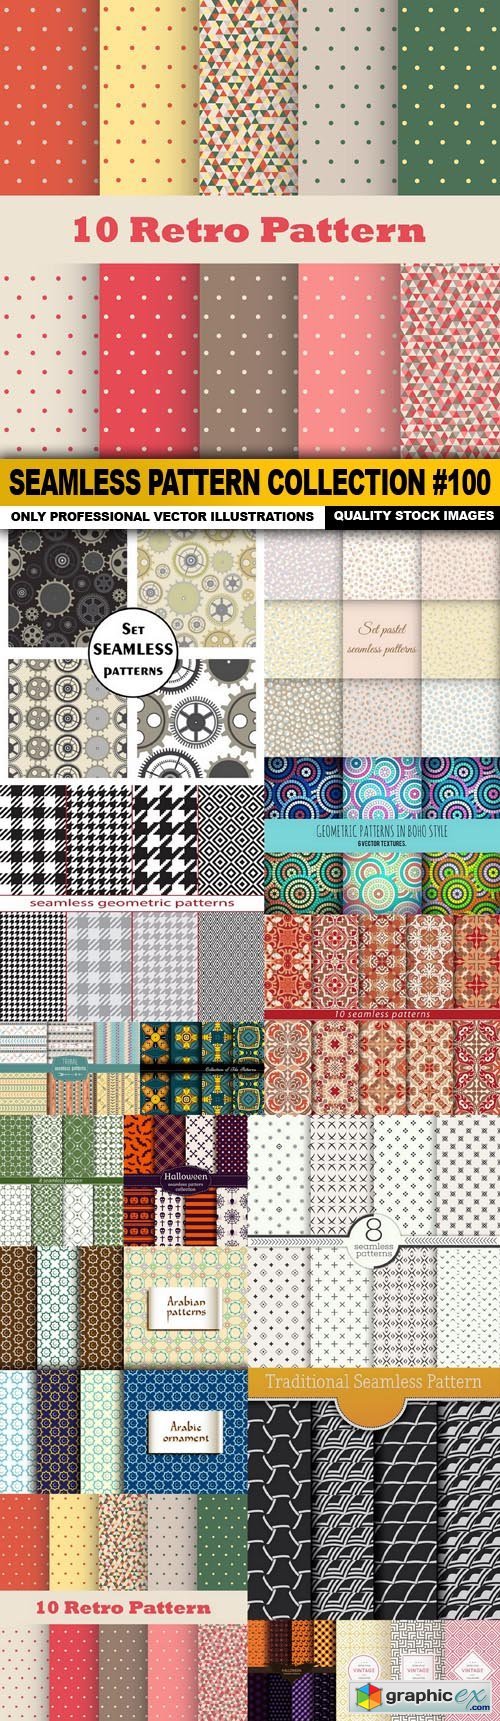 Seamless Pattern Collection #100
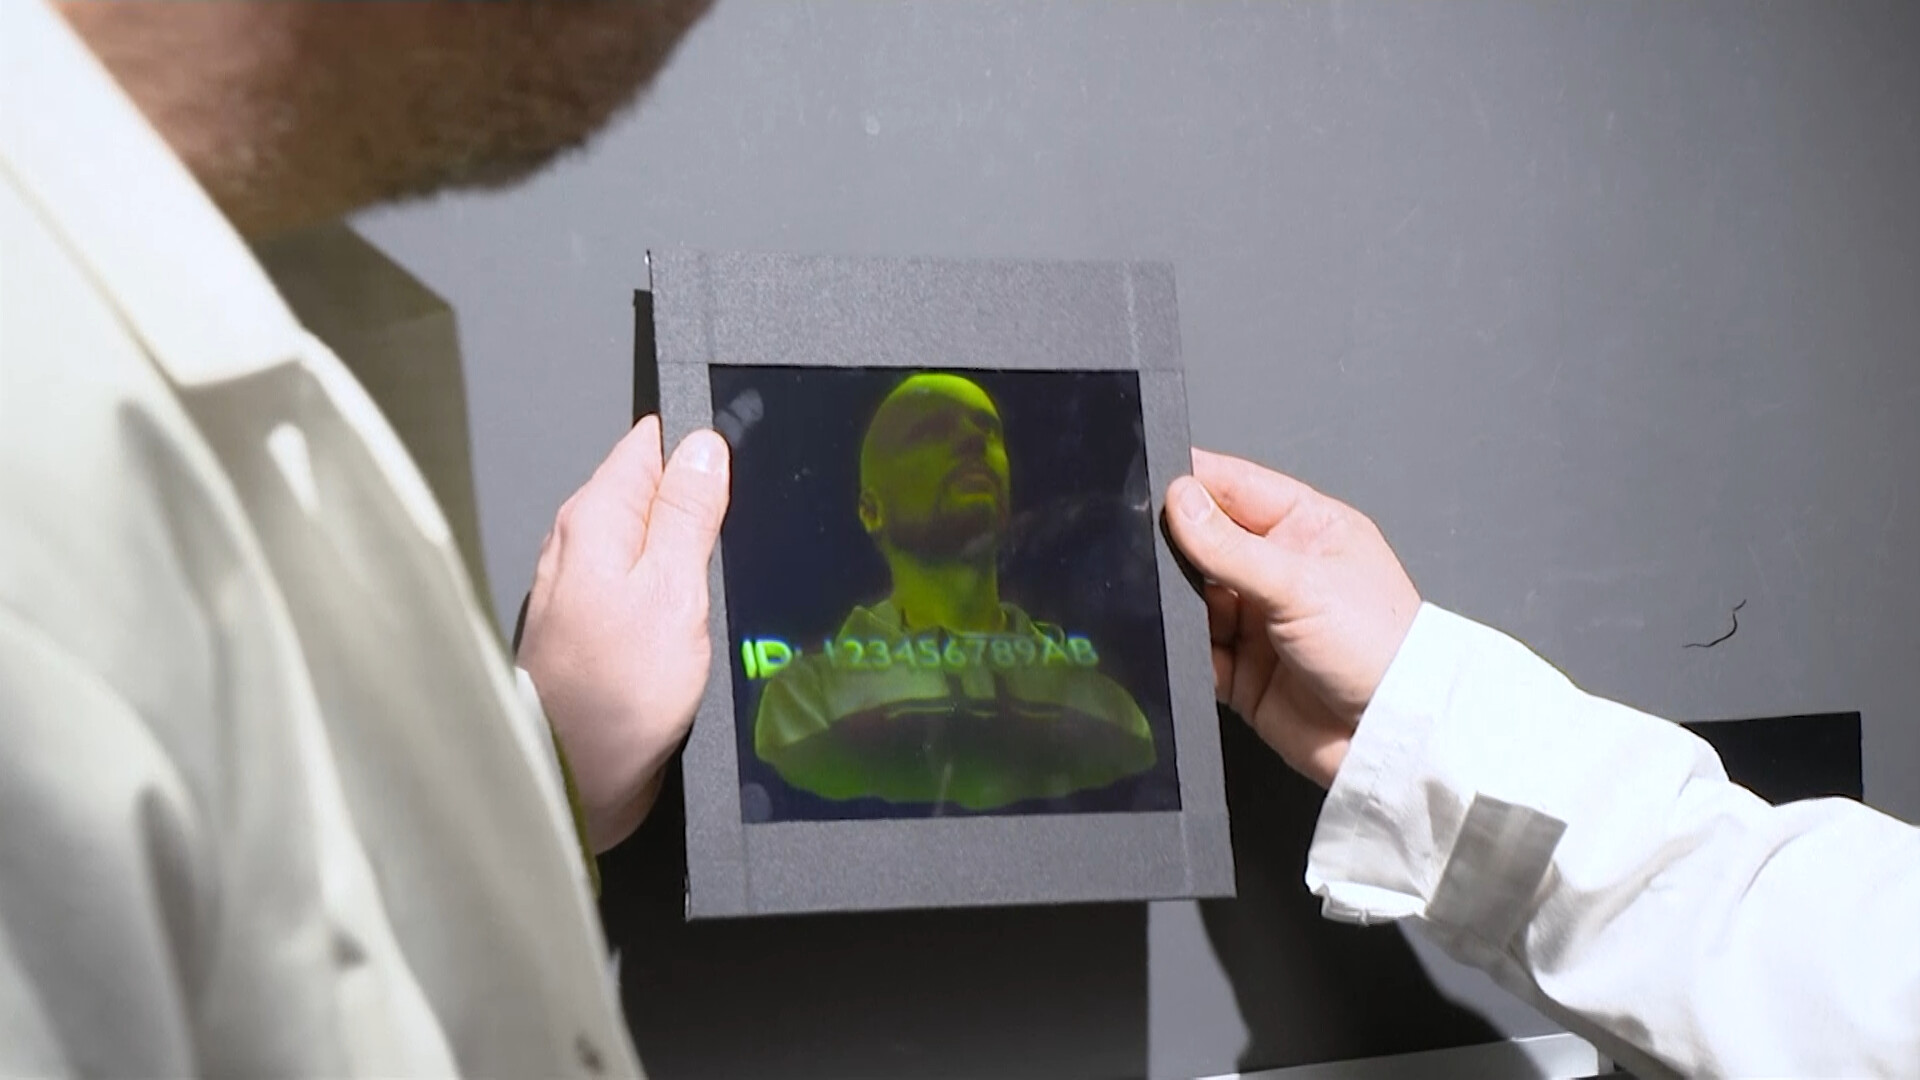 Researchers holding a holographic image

.....

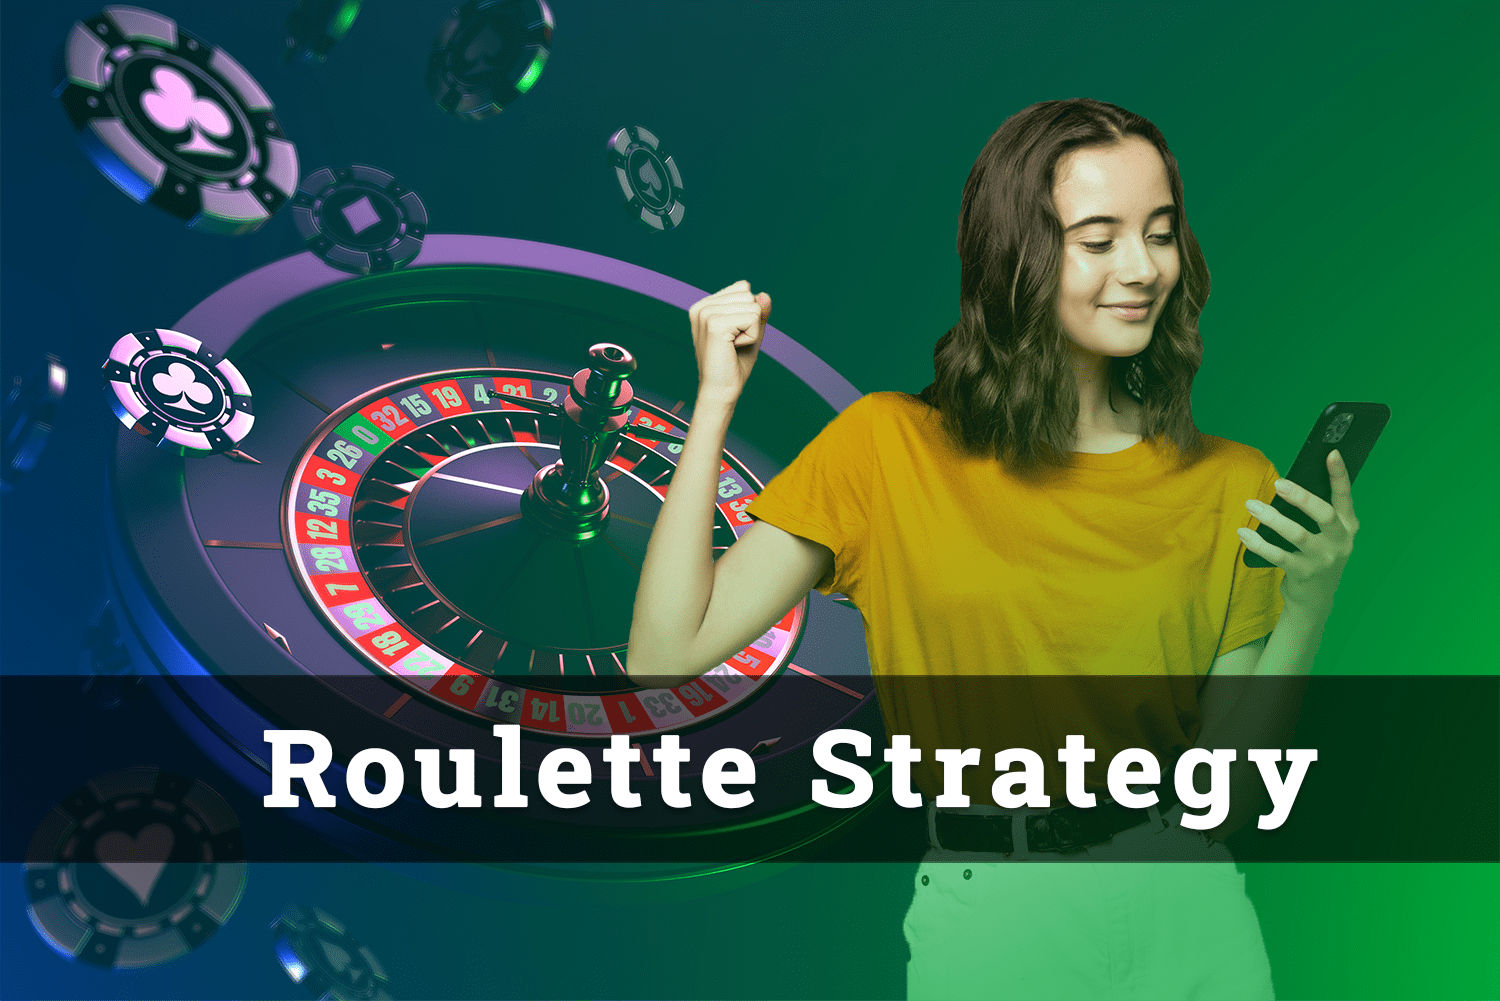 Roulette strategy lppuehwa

.....

REQUIRED WORK:
Output exactly, and only, the lines of the entries above from the one with "Seamless Pattern Collection #100" up to and including the one with "Researchers holding a holographic image"; pictures are to be left out.

SOLUTION TO THE PROBLEM:
 Seamless Pattern Collection #100
 Researchers holding a holographic image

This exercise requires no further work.